Obviously, the Roswell aliens were not the standard alien.
Quoting Major Jesse Marcel, he is on record as confirming the debris consisted of "foil", "parchment", "rubber" and from a transcript of taped interview by Bob Pratt on the morning of December 8, 1979:

Marcel: Oh. Yes - little members, small members, solid members that could not bend or break, but it didn't look like metal. It looked more like wood.

Pratt: How big?

Marcel: They varied in size. They were, as I can recall, perhaps three-eighths of an inch by one-quarter of an inch thick and just about all sizes. None of them were very long.

Pratt: How large was the biggest?

Marcel: I would say about three feet (long).

Pratt: How heavy?

Marcel: Weightless. You couldn't even tell you had it in your hands - just like you handle balsa wood.
(End of extract)

So, how did this all end up becoming a 'flying saucer', from outer space?

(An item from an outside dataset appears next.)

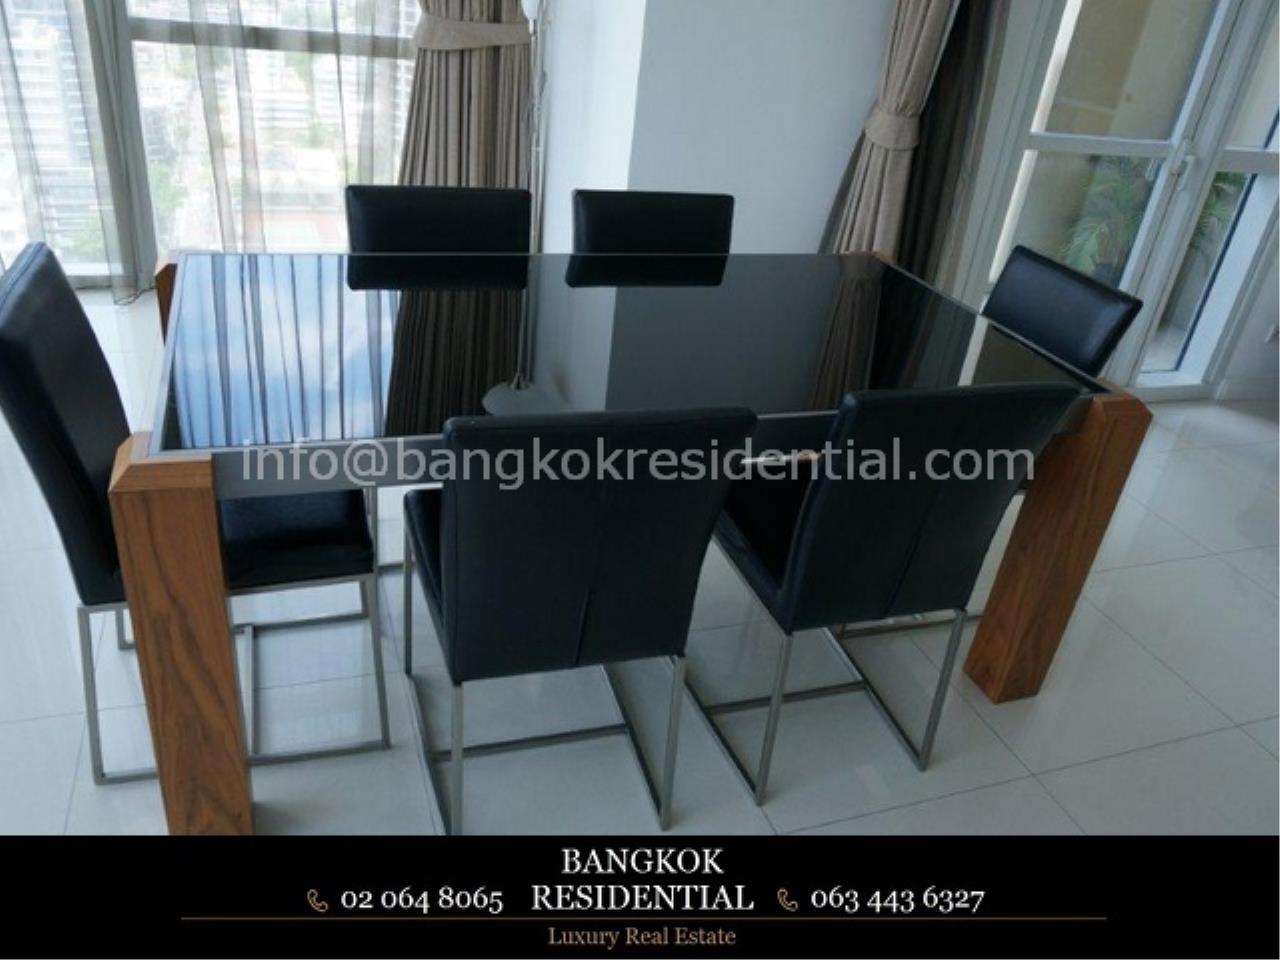 Bangkok Residential Agency's 3BR Athenee Residence For Sale Or Rent (BR3386CD) 4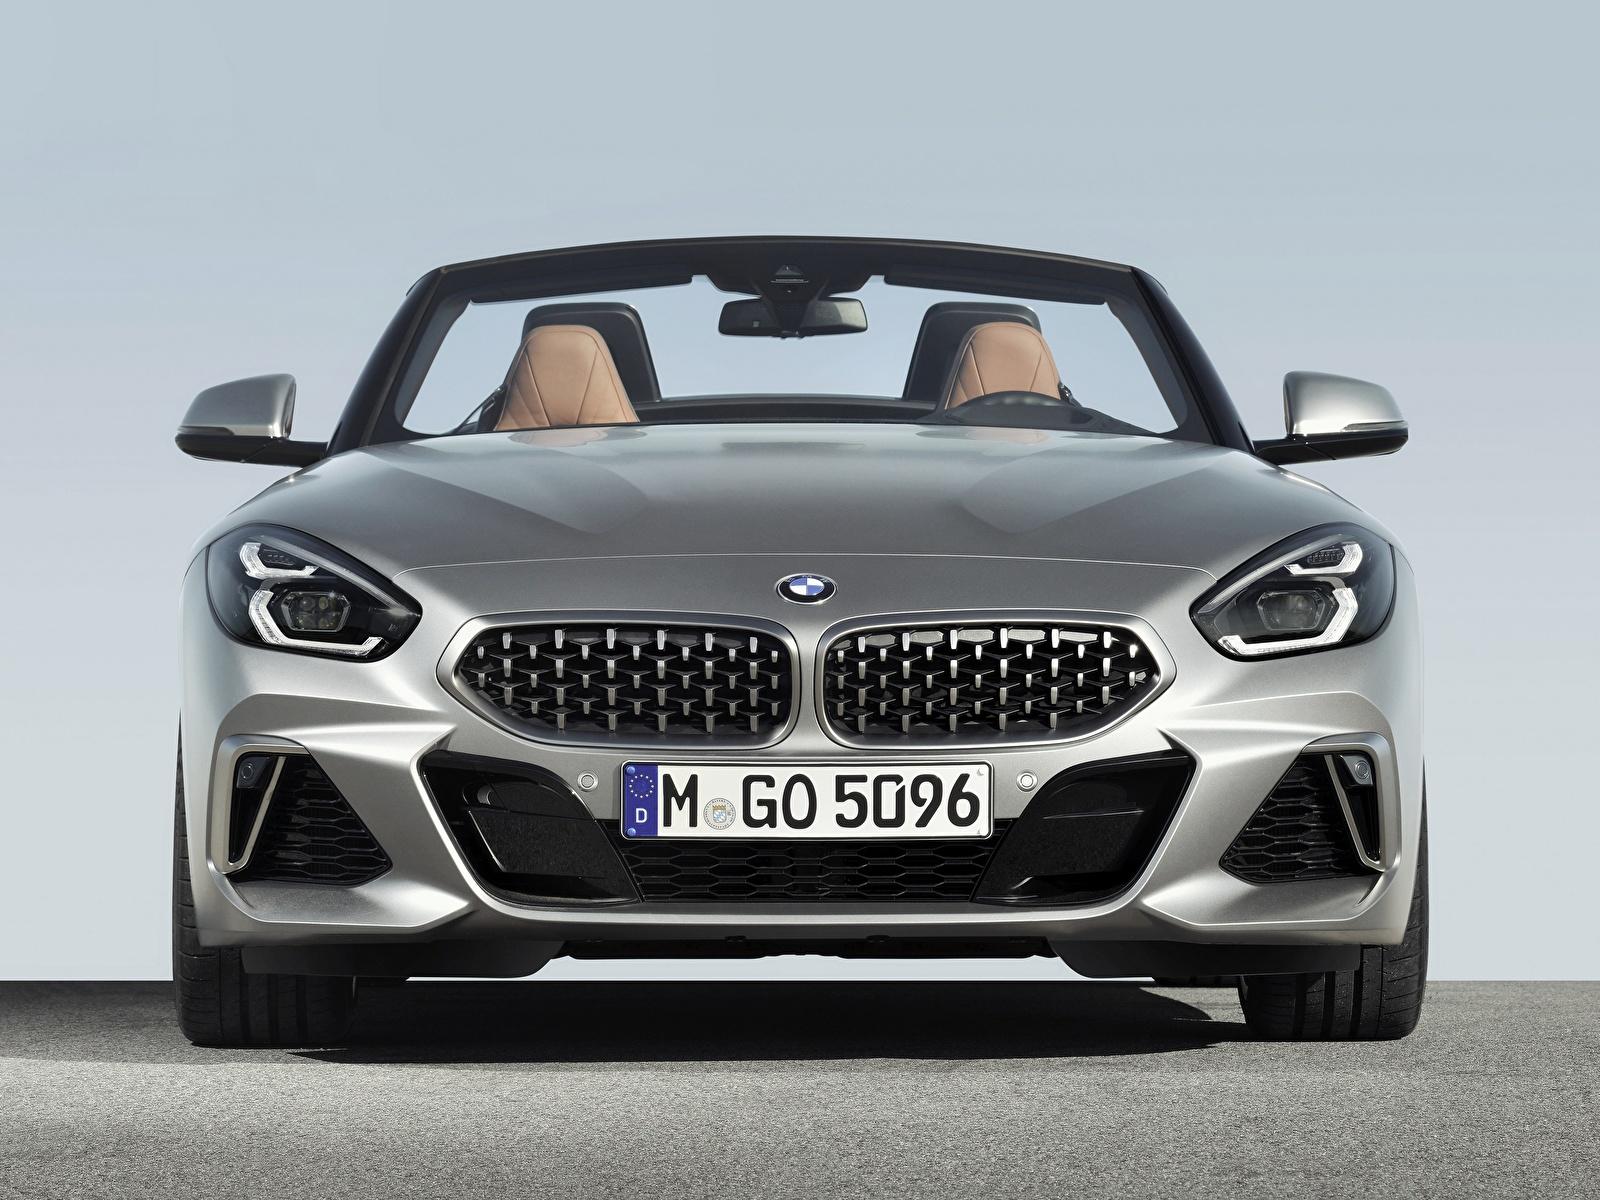 Обои для рабочего стола BMW Z4 M40i Z4 2019 G29 Родстер серебристая авто Спереди 1600x1200 БМВ серебряный серебряная Серебристый машина машины автомобиль Автомобили

Perhaps because on the spot, Marcel himself decided, only a couple of weeks after 'flying saucers' first became snowballing media hysteria:

Pratt: What do you think this thing was?

Marcel: Well, as far as I know, or can surmise, it - I was pretty well acquainted with most of the things that were in the air at the time, not only from my own military aircraft but also in a lot of foreign countries, and I still believe it was nothing that came from earth. It came to earth but not from earth.
(End of extract)

What was Marcel's specifically related technical expertise, at that time:

Marcel: That’s Counter Intelligence (Corps) agents - See, my main job there was to clear the personnel through the Atomic Energy Commission to be stationed at that base, military personnel. I had five officers and about twenty enlisted typists working for me, with an office going like mint all the time. With (plus) those three CIC agents. They would do the investigating. Whenever we had to investigate somebody, I gave that job to them and they’d turn in their reports in to my office and we'd write the reports...
(End of extract)

Marcel self-determines has just made one of the greatest discoveries in history, so what happens next:

Pratt: Any jagged or broken ends or the like?

Marcel: No. As far as I can recall, they were clean. See, I had so little time to spend on this - I had other duties to perform. I brought the stuff over here, my CO saw it, my staff saw it and then the following day my CO told me to take it to Wright-Patterson.

Pratt: Why there?

Marcel: For analysis. They wanted to see what it was.
(End of extract)

Then our foil, sticks, parchment and rubber fragments are announced in a press release, as a recovered "flying disc'" which "landed" on a ranch and it was "stored" there by the rancher.

"Stored", subsequently being revealed as Brazel gathering up a bundle of 'flying disc' material and securing it under some desert 'brush" growth.

All only to be subsequently identified as meteorological fragments.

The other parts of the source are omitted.